*** RECORDS FOR THE TASK ***

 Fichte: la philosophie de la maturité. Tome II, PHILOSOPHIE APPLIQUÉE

***
*** RECORDS FOR THE TASK ***

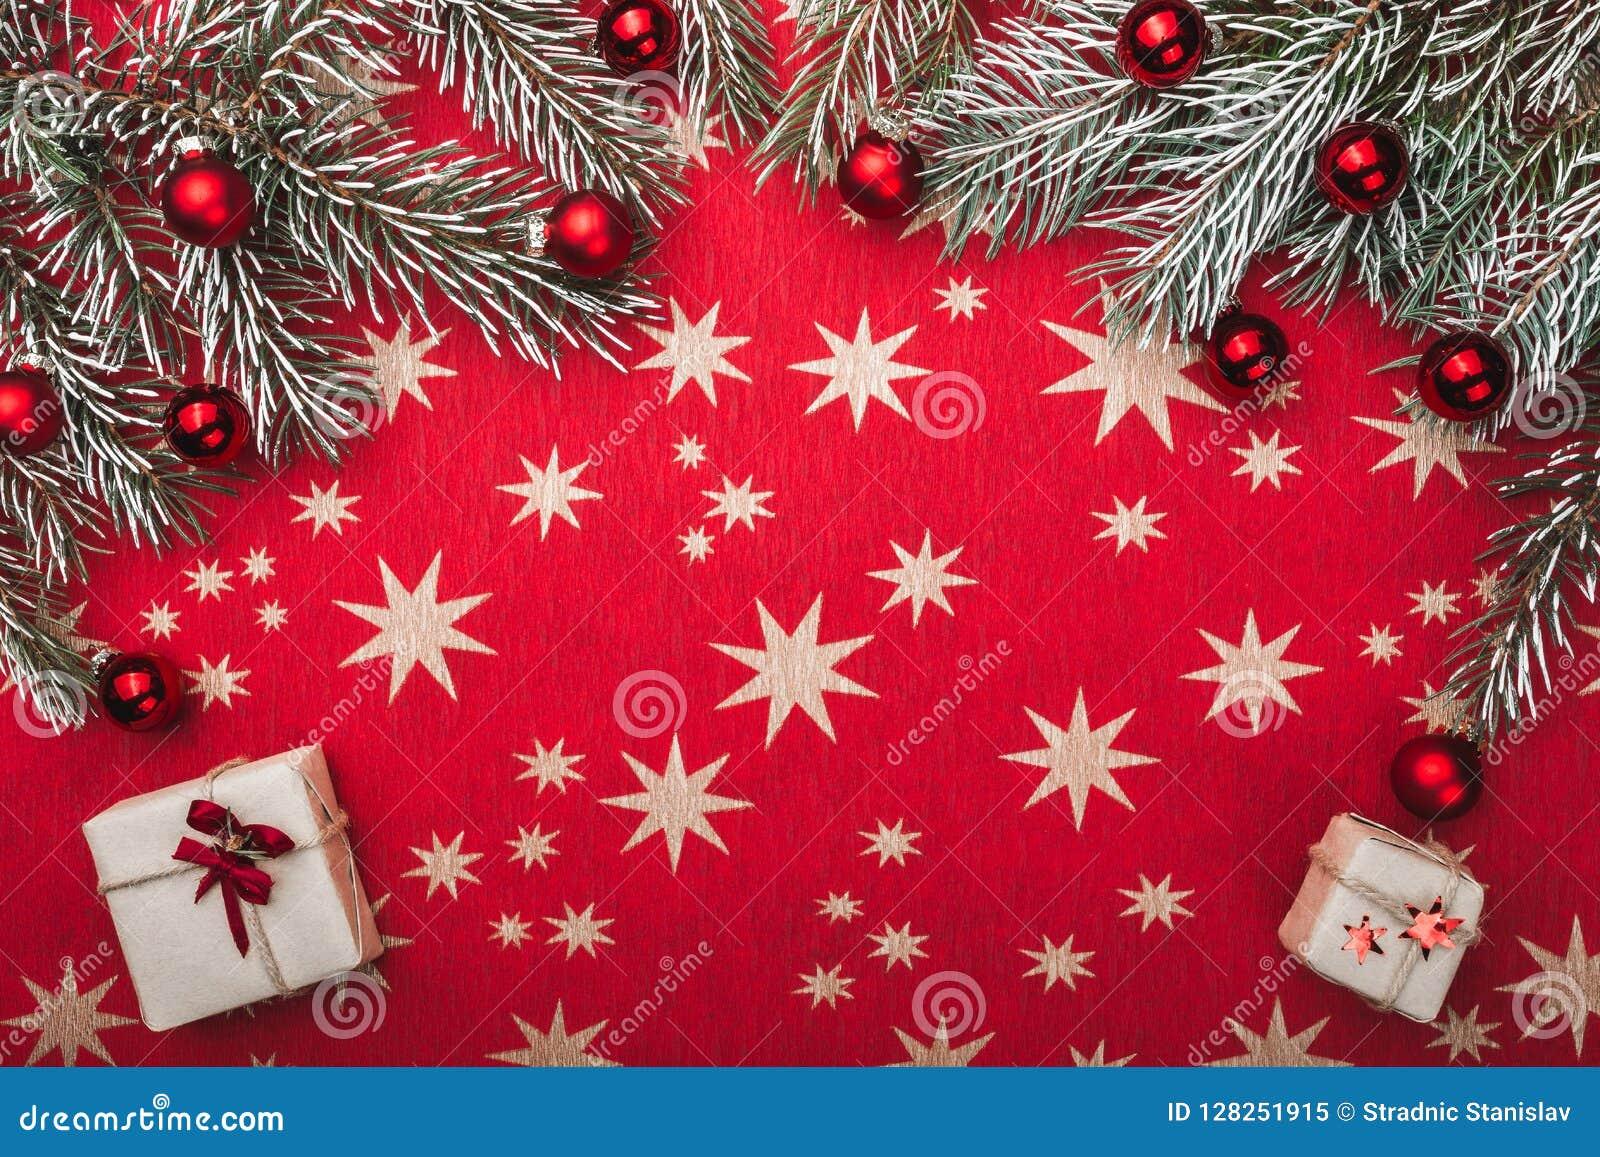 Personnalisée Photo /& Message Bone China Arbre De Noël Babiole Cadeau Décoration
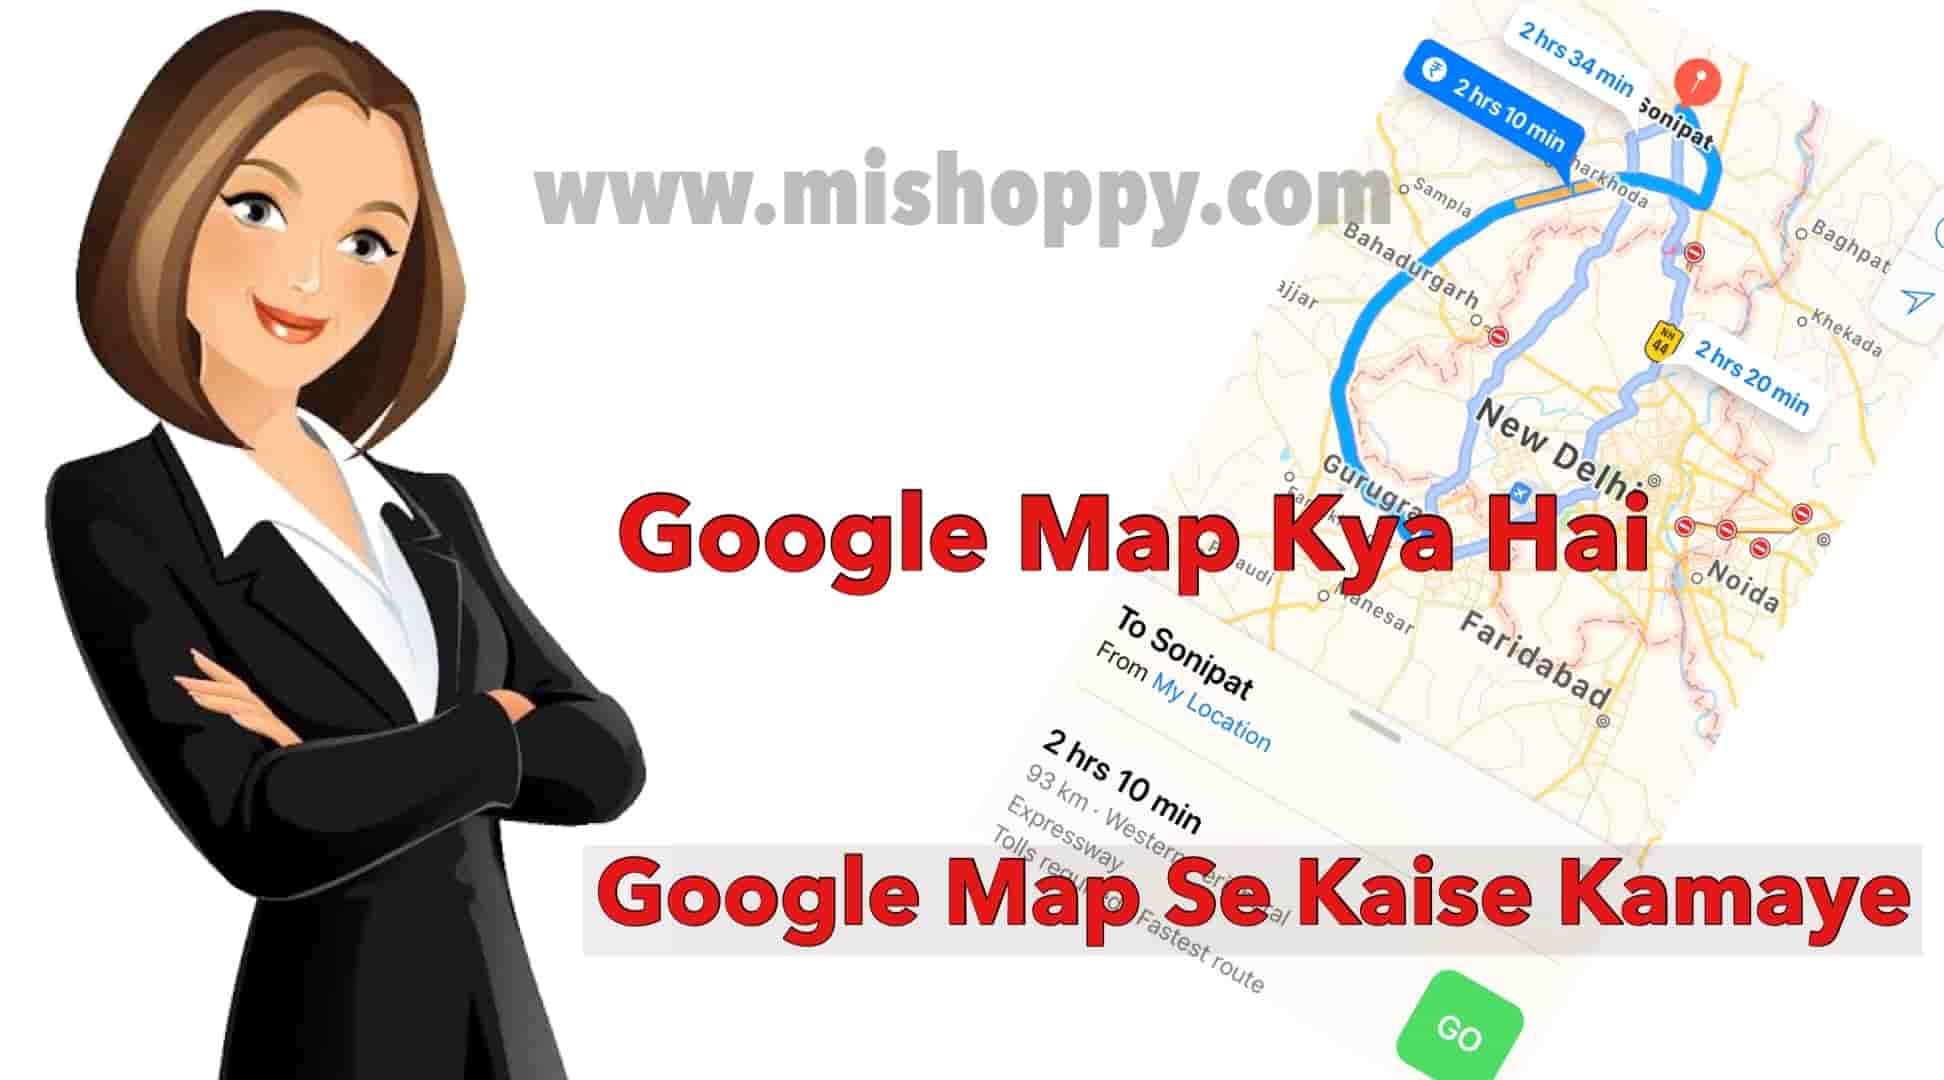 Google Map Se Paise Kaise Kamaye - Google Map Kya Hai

***

» PROBLEM STATEMENT: Starting at the line with "Personnalisée Photo /&" and finishing at the line with "Google Map Se", copy the material above exactly, both lines included. Nothing else goes in, and no pictures.

» TASK ANSWER:
 Personnalisée Photo /& Message Bone China Arbre De Noël Babiole Cadeau Décoration
 Google Map Se Paise Kaise Kamaye - Google Map Kya Hai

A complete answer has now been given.